Hubert Heron

Personal information
- Full name: George Hubert Hugh Heron
- Date of birth: 30 January 1852
- Place of birth: Uxbridge, England
- Date of death: 5 June 1914 (aged 62)
- Place of death: Twickenham, England
- Position: Forward

Senior career*
- Years: Team / Apps / (Gls)
- 1871-1874: Uxbridge
- Windsor Home Park
- Swifts
- 1874-1878: Wanderers
- 1877: Uxbridge Crescents

International career
- 1873–1878: England / 5 / (0)

= Hubert Heron =

English footballer

George Hubert Hugh Heron (30 January 1852 – 5 June 1914) was an English footballer who made five appearances as a forward for England in the 1870s and won three FA Cup winners' medals.

==Playing career==
Heron was born in Uxbridge, west London and attended Mill Hill School and Cranleigh School. He was a founding member of the Uxbridge Football Club on 3 February 1871 and was its captain from 2 September 1873 until joining the Wanderers in the 1874-75 season.

His first international appearance came on the left of a six-man forward line against Scotland on 8 March 1873 at the Kennington Oval, London, which resulted in a 4–2 victory for England. He was again selected for the third annual match against Scotland on 7 March 1874, when "the Scots managed a 2-1 victory to avenge the 1873 defeat".
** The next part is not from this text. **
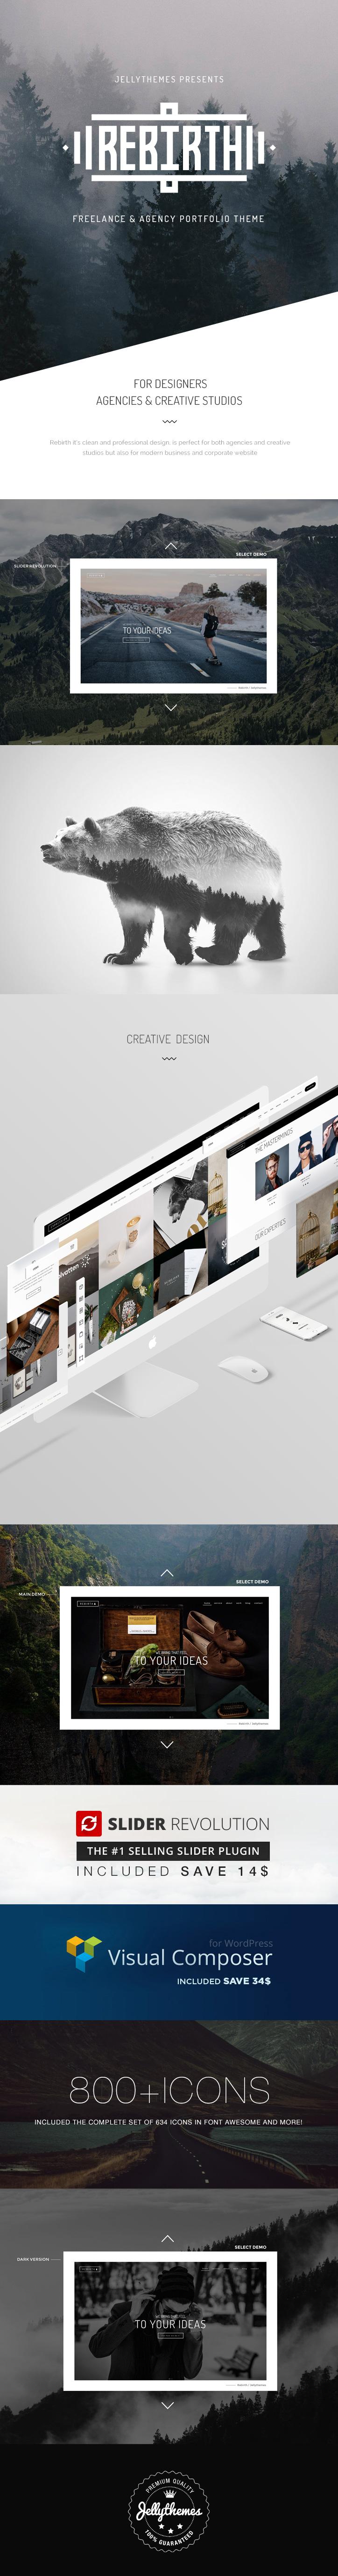 Rebirth - Freelance & Agency Portfolio WordPress Theme (Creative) Rebirth - Freelance & Agency Portfolio WordPress Theme (Creative) rebirthprevwp

He made his debut for Wanderers on 4 March 1874 in a mixed club friendly match against Westminster School. He was described in the 1875 "Football Annual" as "a wing player (who) is useful and at times brilliant; is fast and dribbles skilfully, used to be a little selfish in his style of play, but of late very much improved in this respect". He made ten appearances for Wanderers in 1874–75, scoring eight goals.

In 1875, he was one of several Wanderers players selected to meet Scotland at Kennington Oval on 6 March. This match ended 2-2, with England's goals coming from Heron's Wanderers team-mates, Charles Wollaston and Charles Alcock. For the next year's international match played at Hamilton Crescent, Partick on 4 March 1876 Heron was appointed captain, with his younger brother Francis playing alongside him. According to Philip Gibbons, "England struggled throughout the game, which saw the home team run out winners by three goals to nil."

A week after the England match, he was part of the Wanderers team that met the Old Etonians in the 1876 FA Cup Final at the Kennington Oval. The first match ended in a 1–1 draw, with the Wanderers victorious 3–0 in the replay on 18 March. Heron was involved in the second and third Wanderers goals, twice laying on the crosses for Thomas Hughes to score. Francis also played for Wanderers in this match; it would be another 120 years before a pair of brothers again played together in an FA Cup-final winning side and for England in the same season, when Gary and Phil Neville did so in 1996.

The following season, Wanderers were again victorious in the Cup Final, defeating Oxford University 2–1. In the semi-final against Cambridge University, Heron scored the only goal to send Wanderers to their second consecutive final and a (then) record fourth in total. This was as close as the FA Cup Final ever came to a battle between the two leading universities. In the final itself, his cross found Jarvis Kenrick who scored an equalizing goal near the end of normal time; Wanderers scored the winning goal in extra-time.

Heron was not selected for the 1877 international, but was recalled in 1878. The match, played on 2 March 1878 at Hampden Park ended in a humiliating 7–2 defeat. This brought Heron's international career to an end; all his matches had come against Scotland and comprised one victory, one draw and three defeats.

In the first round of the 1877-78 FA Cup, Heron scored four goals in a 9–1 victory over the Panthers. On 23 March 1878 he reached his (and Wanderers') third successive Cup Final. Although not scoring himself, he again put in a cross from the right for Kenrick to score his second goal of the game, with Wanderers eventually running out 3-1 victors. Wanderers thus won the Cup for the fifth (and final) time in seven years. The 1878 FA Cup final was Heron's final game for Wanderers.

During his career he also played for Windsor Home Park and Swifts as well as representing Middlesex and London.

==Later career==
Heron served on the F.A. committee between 1873 and 1876 and earned his living as a wine merchant in Bournemouth.